The U.S. Supreme Court had cleared the way for the seizure last month.
The Baptist Temple stopped withholding federal income and Social Security taxes from its employees' paychecks in 1984, saying the church's duty to obey God allowed no room for manmade laws and that withholding taxes would make it an agent of the government.
U.S. marshals rushed through a side door into the church, where six or seven people -- some who had been holding a vigil there for nearly three months -- were gathered in prayer.
"The purge has started," said the Rev. Greg J. Dixon, the church's pastor emeritus, as the marshals wheeled him out.
"We had a promise from the Bush administration. We had every reason to believe there was a moratorium. ... They were going to dismiss the case. We had a deal, and they welshed on the deal," Dixon said.
The current pastor, Dixon's son, the Rev. Greg A. Dixon, was not at the church when officers arrived but rushed to the scene and sat down in front of the building.
"The fight is still not over," the younger Dixon said. "We are going to continue this fight for religious liberty.
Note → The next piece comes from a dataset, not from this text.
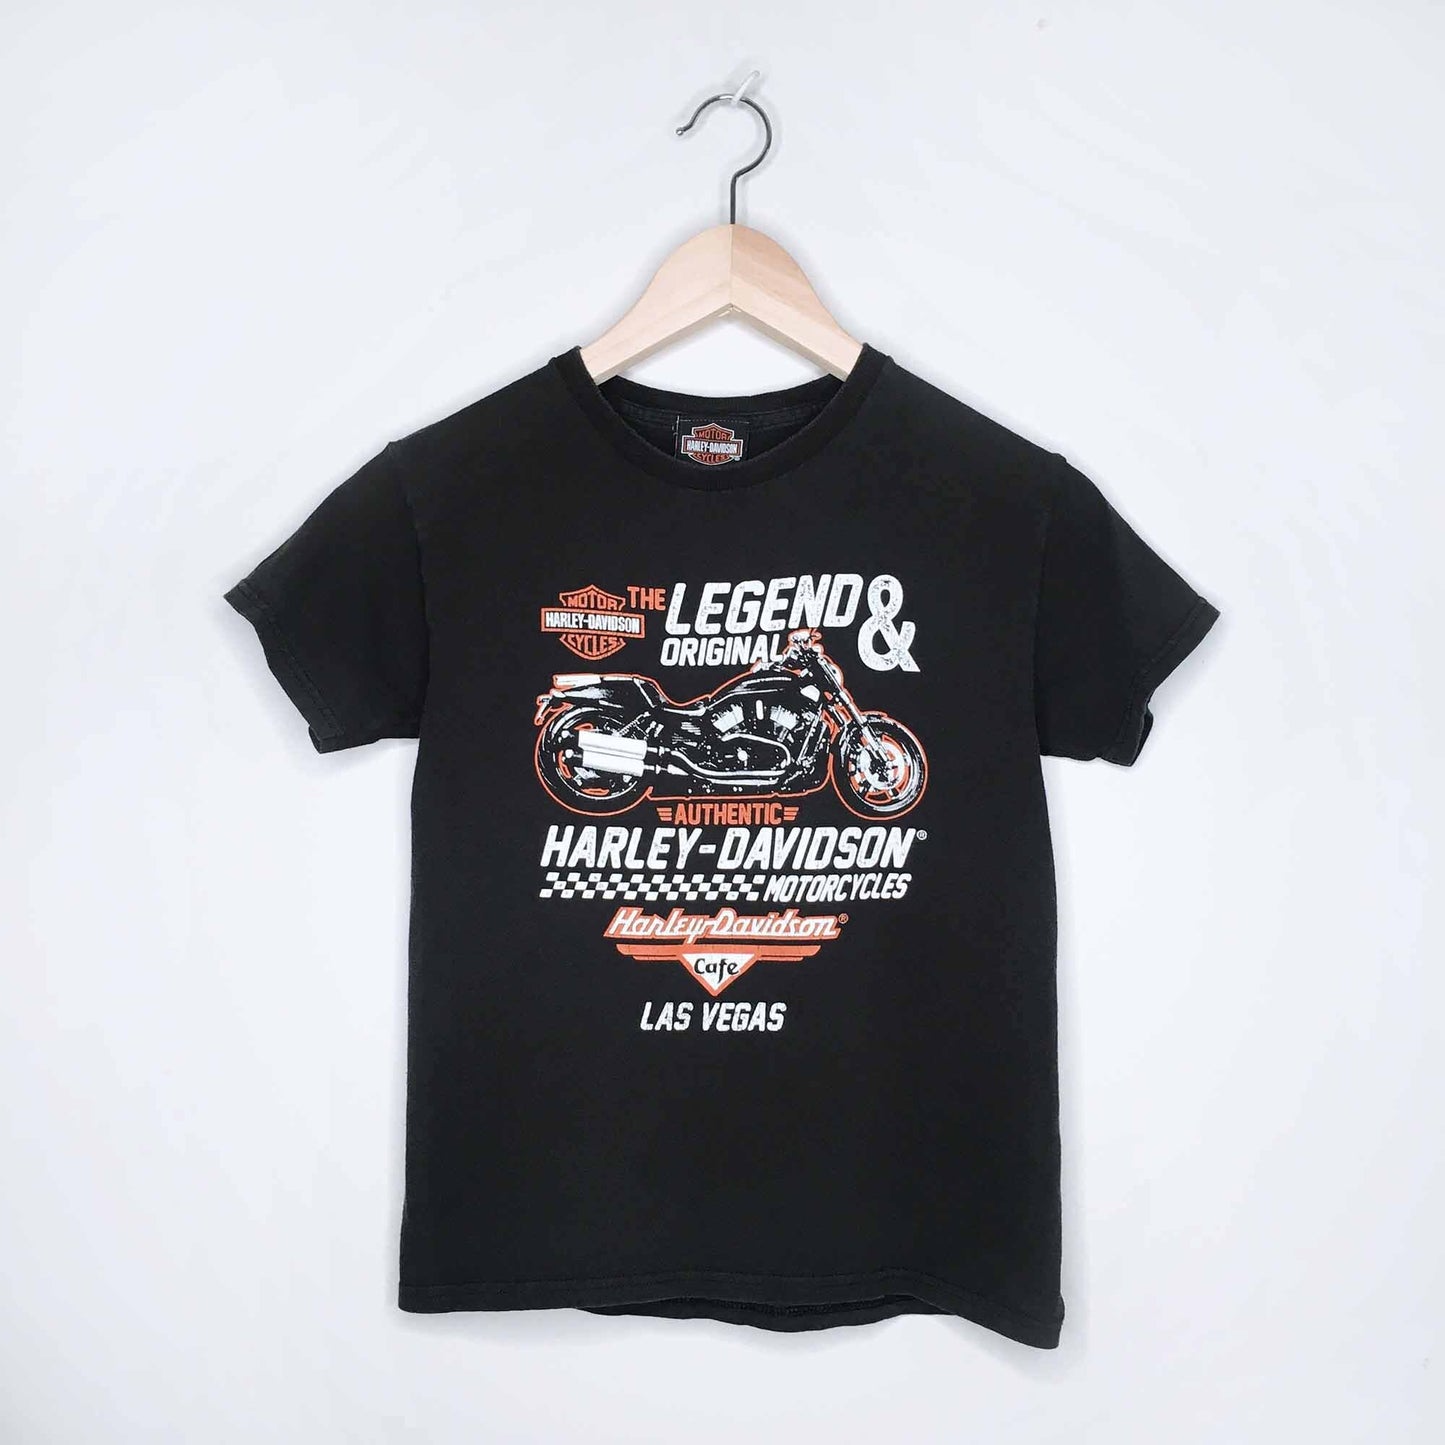 Vintage kids Harley Davidson t-shirt - size Youth Medium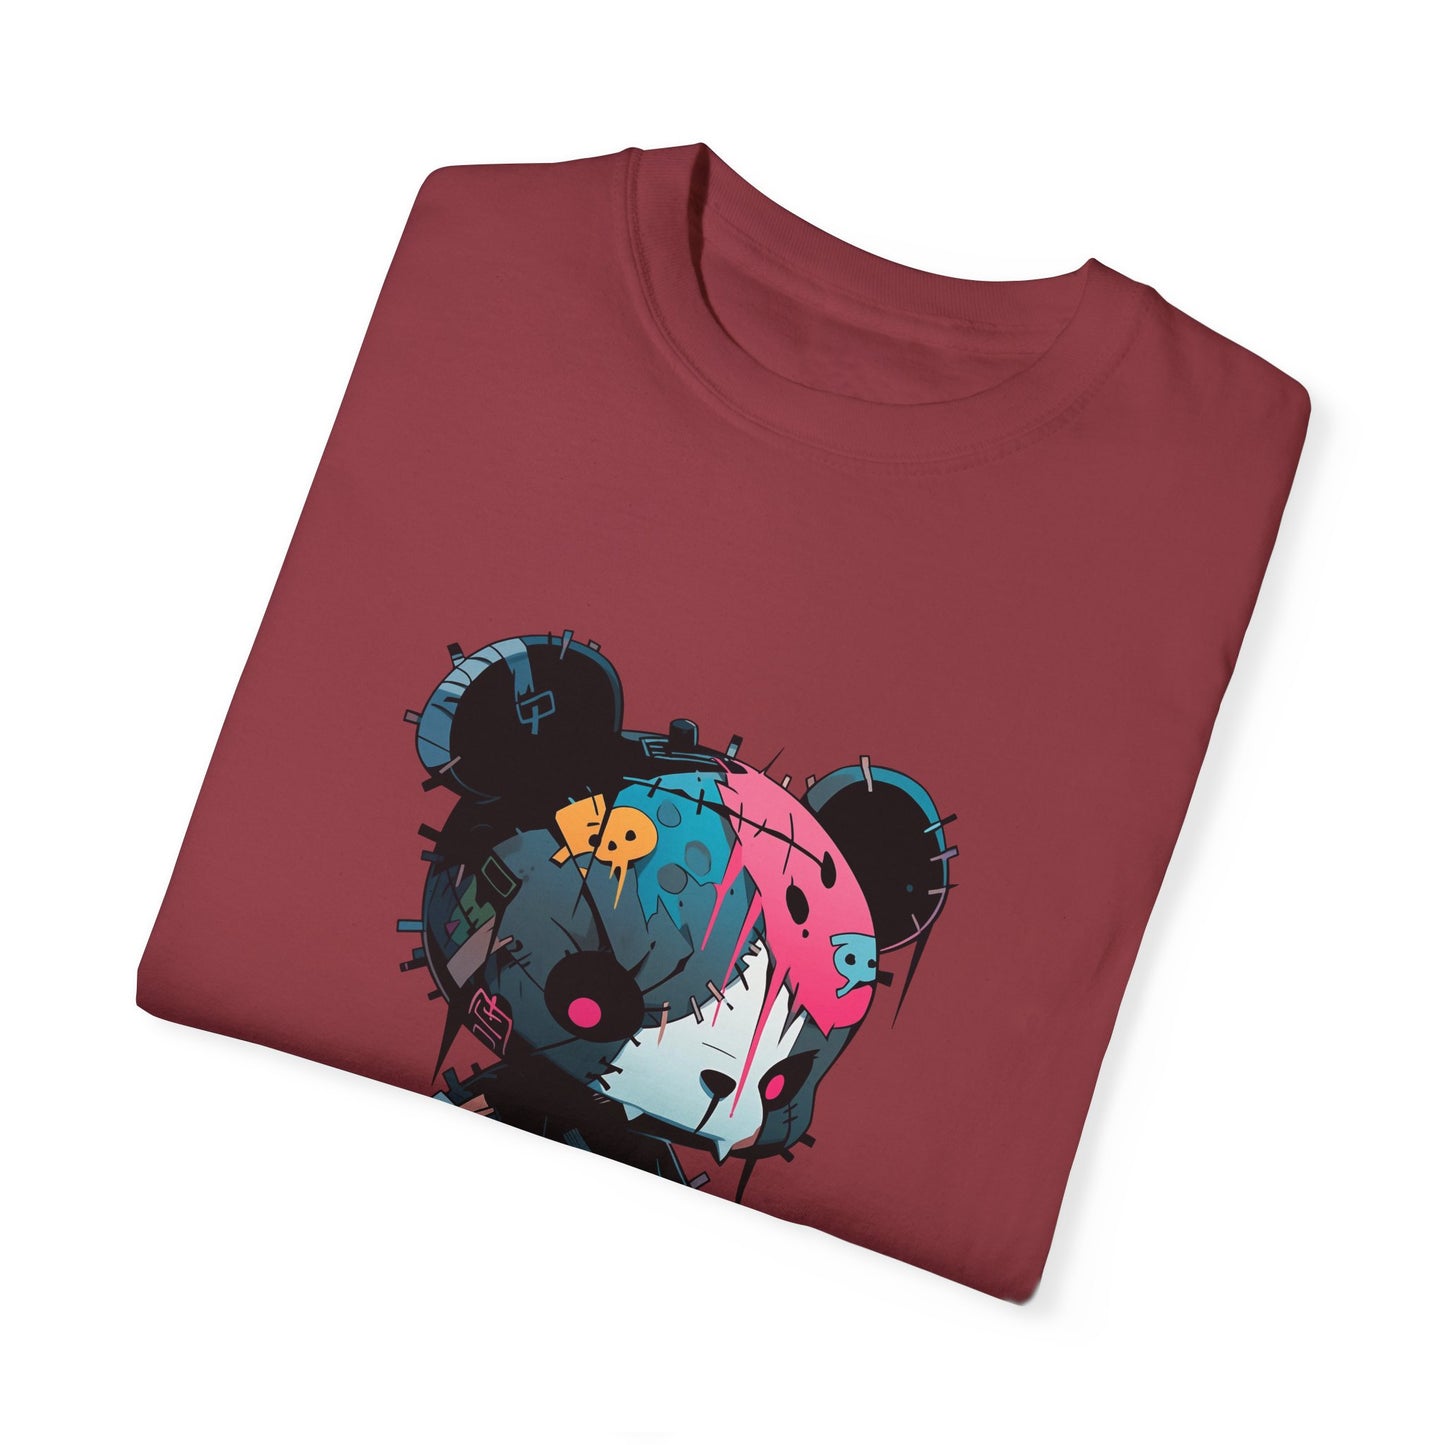 Hip Hop Teddy Bear Graphic Unisex Garment-dyed T-shirt Cotton Funny Humorous Graphic Soft Premium Unisex Men Women Chili T-shirt Birthday Gift-35

"They have trampled the First Amendment; they have desecrated a house of God," he said. "They have brought God's judgment down upon them, their souls, their wives, their children, their political careers. I feel sorry for them."
Federal marshals seized a parsonage a few miles from the church on November 14.
The judge's order had authorized marshals to seize the property by force if necessary.
The federal government until now had never seized a church for failing to pay taxes, said Richard Hammar, an attorney for the Springfield, Missouri-based Assemblies of God church and an expert on churches and tax law.
"To have the IRS come in and seize the church's property, that is an extraordinary event unparalleled in American history," Hammar has said.